Turkish-American mathematician and academic

Erhan Çınlar (born May 28, 1941, Divriği, Sivas-Turkey) is a probabilist and Professor Emeritus at Princeton University. He was the Norman J. Sollenberger Professor of the department of Operations Research and Financial Engineering (ORFE) at Princeton University.

== Academic life ==
He received a B.S. in Mathematics and a M.S. and Ph.D. in Industrial Engineering and Operations Research, all from the University of Michigan in 1963, 1964 and 1965, respectively. His dissertation, Analysis of Systems of Queues in Parallel, was supervised by Ralph L. Disney.

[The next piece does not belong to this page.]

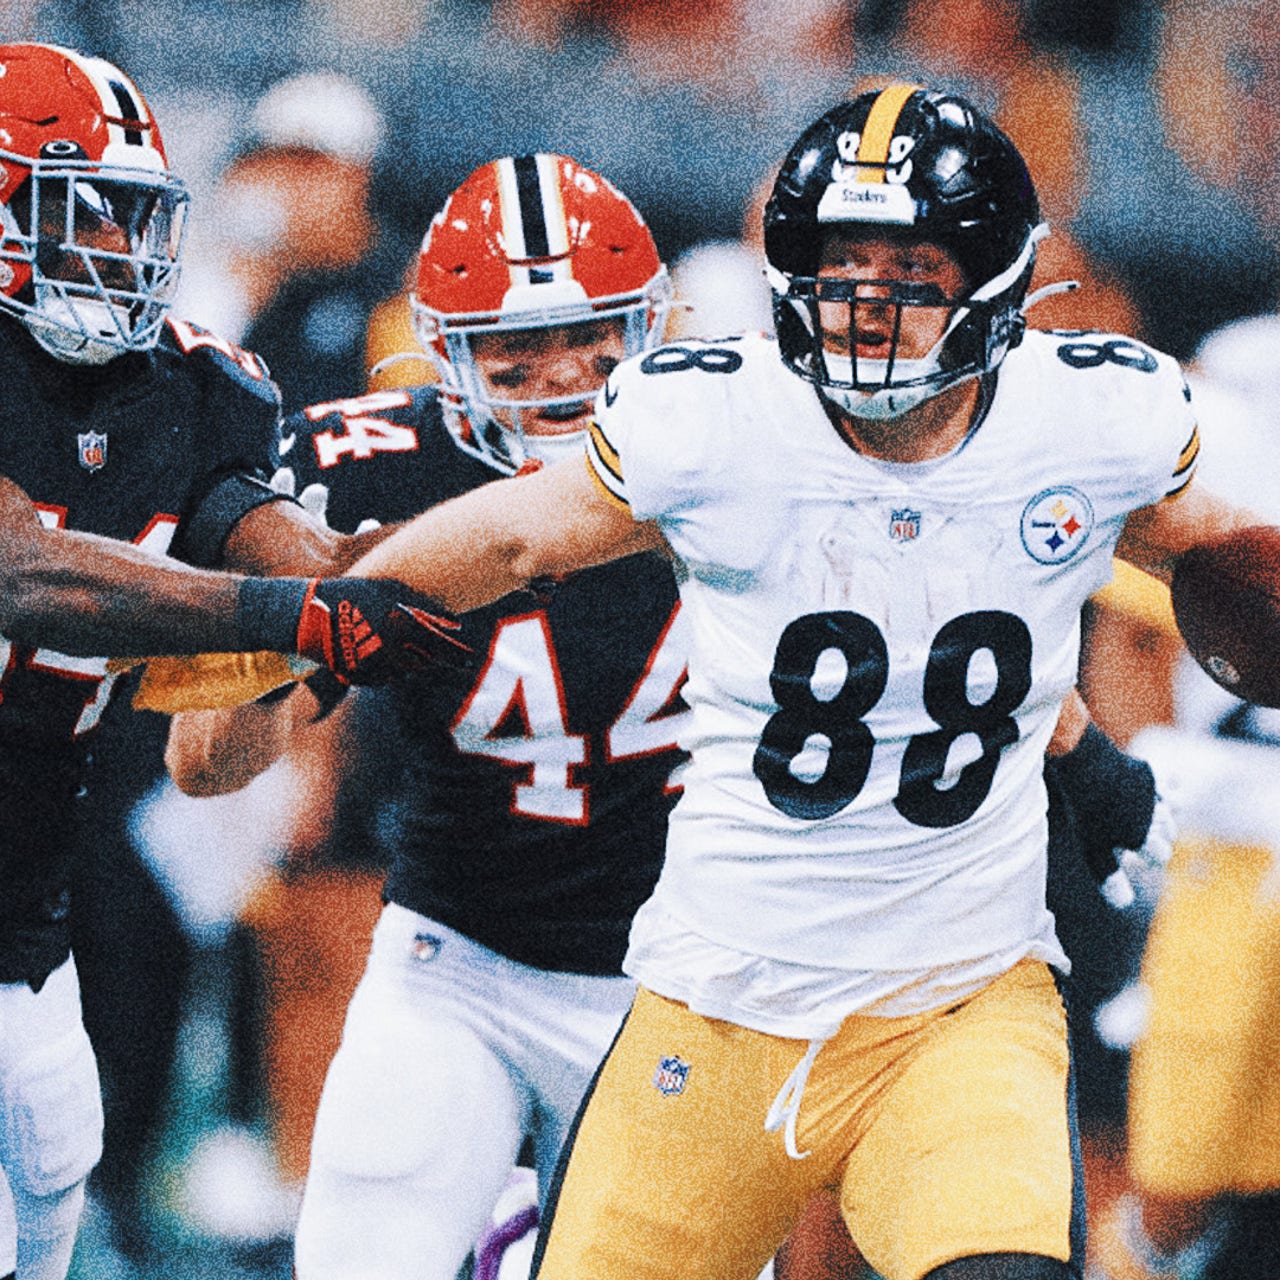 Gregg Rosenthal makes game pick for Steelers-Browns on 'TNF'
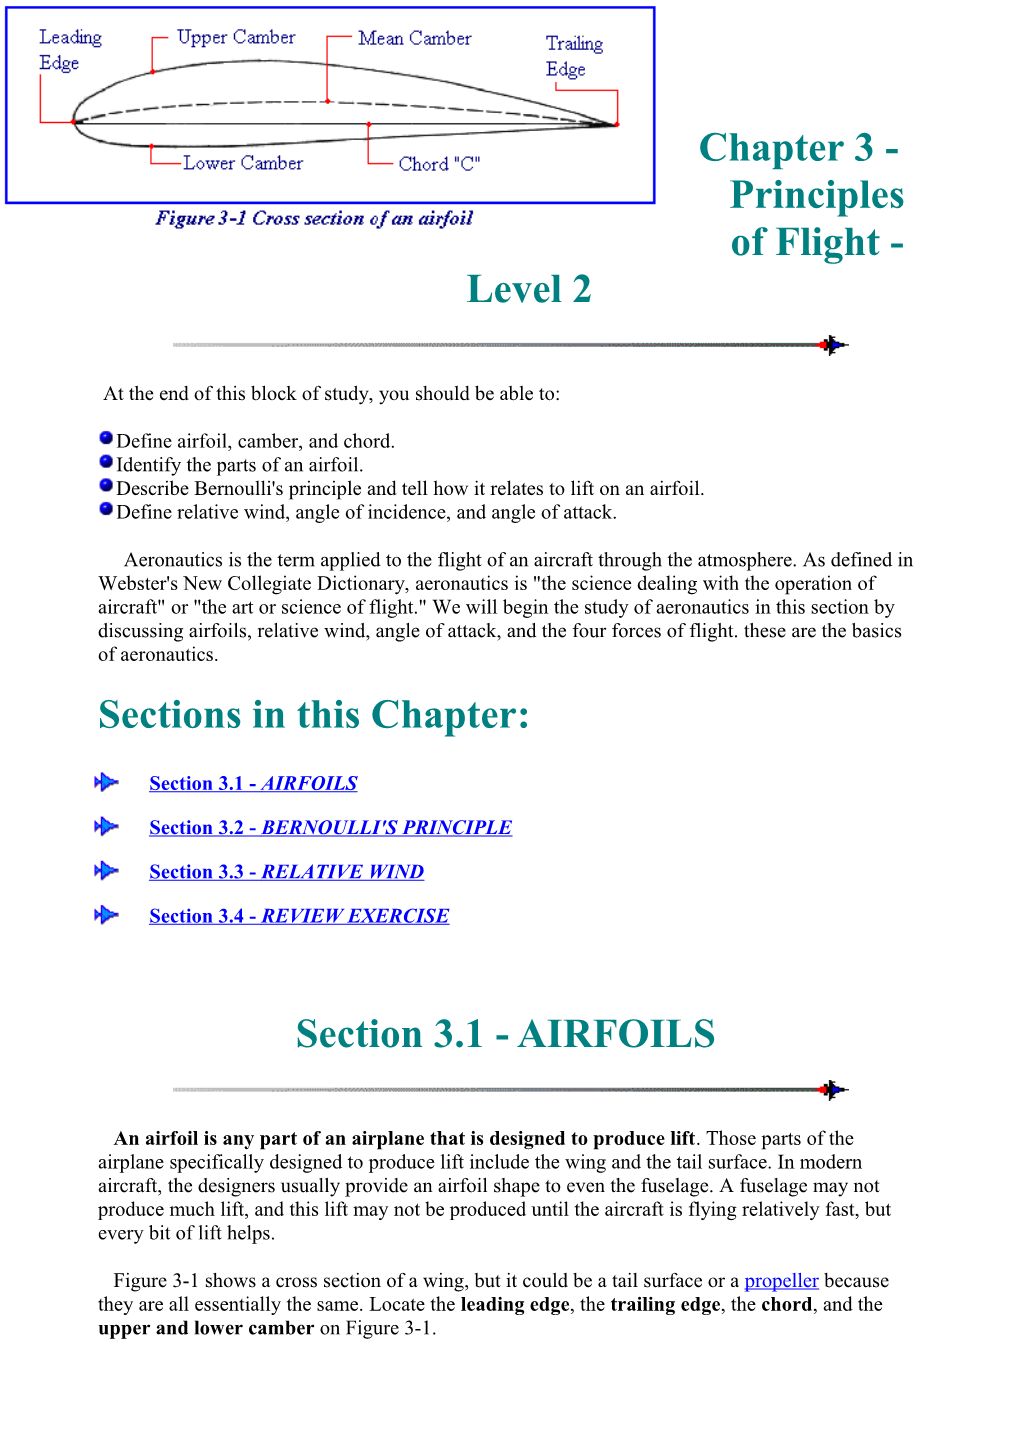 Chapter 3 - Principles of Flight - Level 2

In 1965, he joined the department of Industrial Engineering and Management Sciences as an assistant professor at Northwestern University. During 1971–1972, he was a visiting professor in the department of Management Science and Engineering at Stanford University, and became full professor of Operations Research in 1972 at Northwestern. He then joined the department of Civil Engineering and Operations Research as a professor at Princeton University in 1985.

== Research areas ==
Çınlar is the co-founder (along with Kai-lai Chung and Ronald Getoor) of the seminar on stochastic processes, an annual conference on probability topics such as Markov processes, Brownian motion, superprocesses, stochastic analysis, and mathematical finance.

== Awards ==
- INFORMS Expository Writing Award
- 2003 class of Fellows of the Institute for Operations Research and the Management Sciences.